MANY men of my generation fell a little in love with Belinda Carlisle. Or, OK, mindlessly lusted after the woman when we saw her video for the 1987 single Heaven is a Place on Earth - if we hadn't already been captivated earlier in that decade when her five-piece all-female band the Go-Gos released albums like Beauty and the Beat.
Well, I am delighted to be able to report that AskMen.com got it right when it said "even in her 40s Belinda exudes sexual power" and "looks better than ever". Despite the fact that its use of the word "even" stupidly implies a woman in her 40s shouldn't exude sexual power! Either way, when I read that quote for Carlisle as she sits in her room at Dublin's Fitzwilliam Hotel she murmurs "that's really nice" as though I'd tripped a switch that sent her sliding into some kind ofJacuzzi for the mind.
Then again, maybe I had. At least in the sense that Belinda is of the opinion that women become "invisible" in America after the age of 35. Not only that.

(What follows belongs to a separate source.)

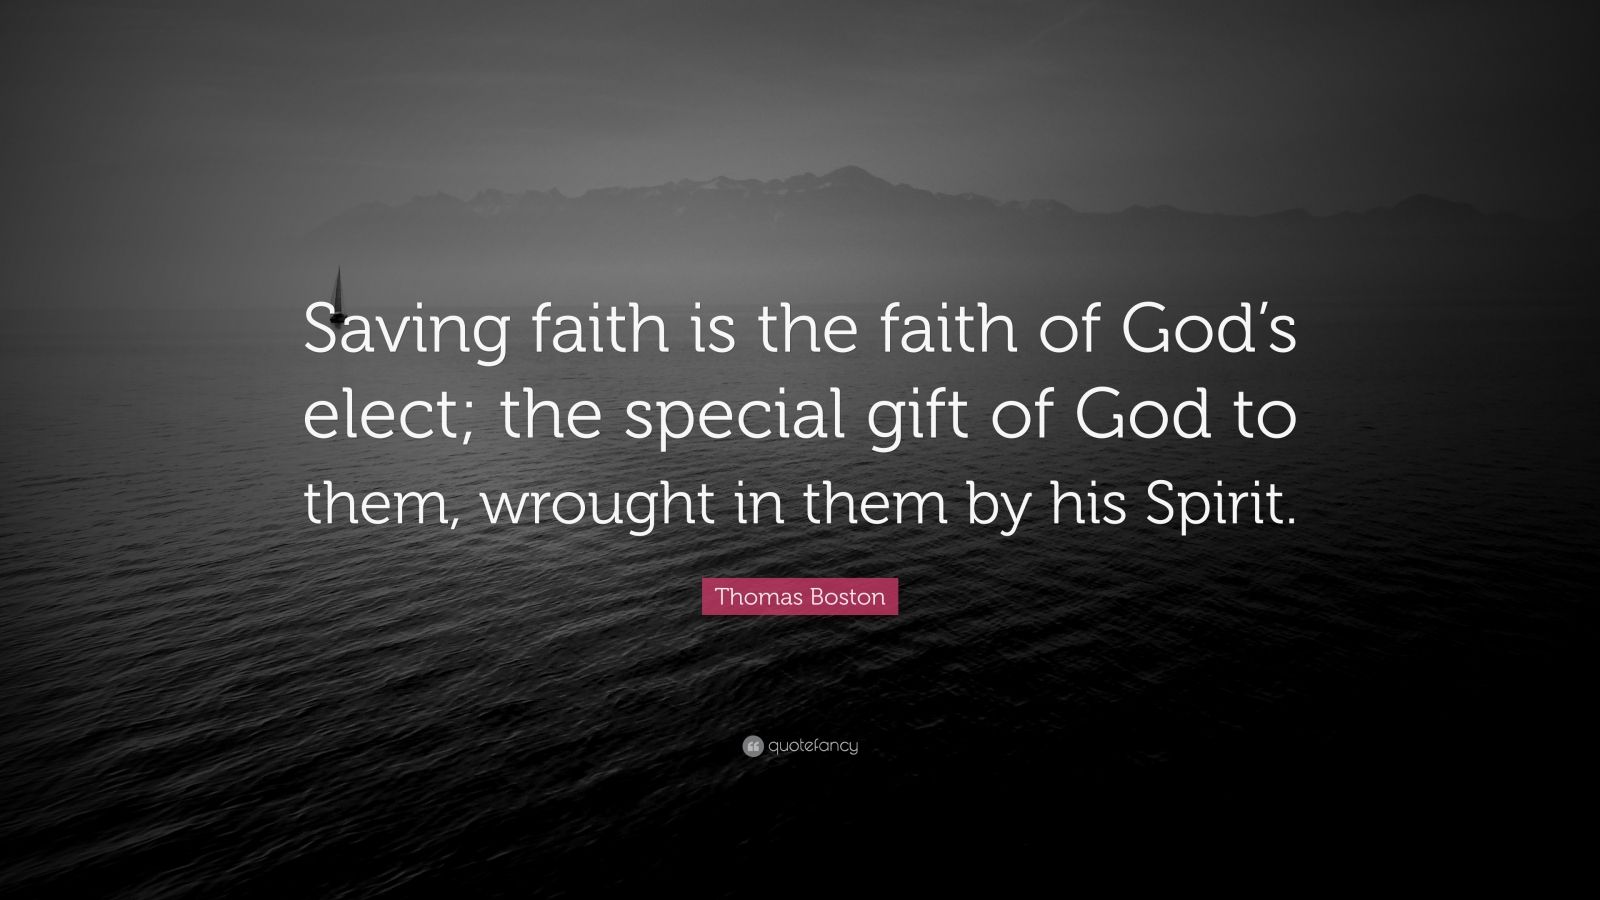 Thomas Boston Quote “Saving faith is the faith of God’s

Like too many women, and men, she has often felt "oppressed by the figures of beauty", to quote Leonard Cohen - particularly the kind of pencil-slim creatures that catwalk their way along the streets of LA, where Carlisle lived until the late Eighties. In fact, she now admits that part of the appeal of cocaine, her drug of choice for 30 years, is "you may look like you are a million years old but it keeps you thin!"
However, Carlisle, who now lives in France, has been what she herself describes as "sober" now for two years and perhaps it is no coincidence that during this period she recorded her first album in a decade - and her best ever - Voila, a collection of chansons. But before I ask her about a Gaeilgeoir - Hothouse Flowers guitarist Fiachna O Braonain, who also plays guitar on this CD and sings a la Serge Gainsbourg on Bonnie and Clyde - being described as its 'French Vocal Couch' let's hear about Belinda's shadowed childhood in California where she was born in 1958. "I'm the eldest of seven and we were lower middle class - we struggled," she muses. "My real dad left when I was five, my mother remarried and my stepfather raised us but was an alcoholic, and he'd be the first to say it."
Why did Belinda's dad leave, and did she ever track him down?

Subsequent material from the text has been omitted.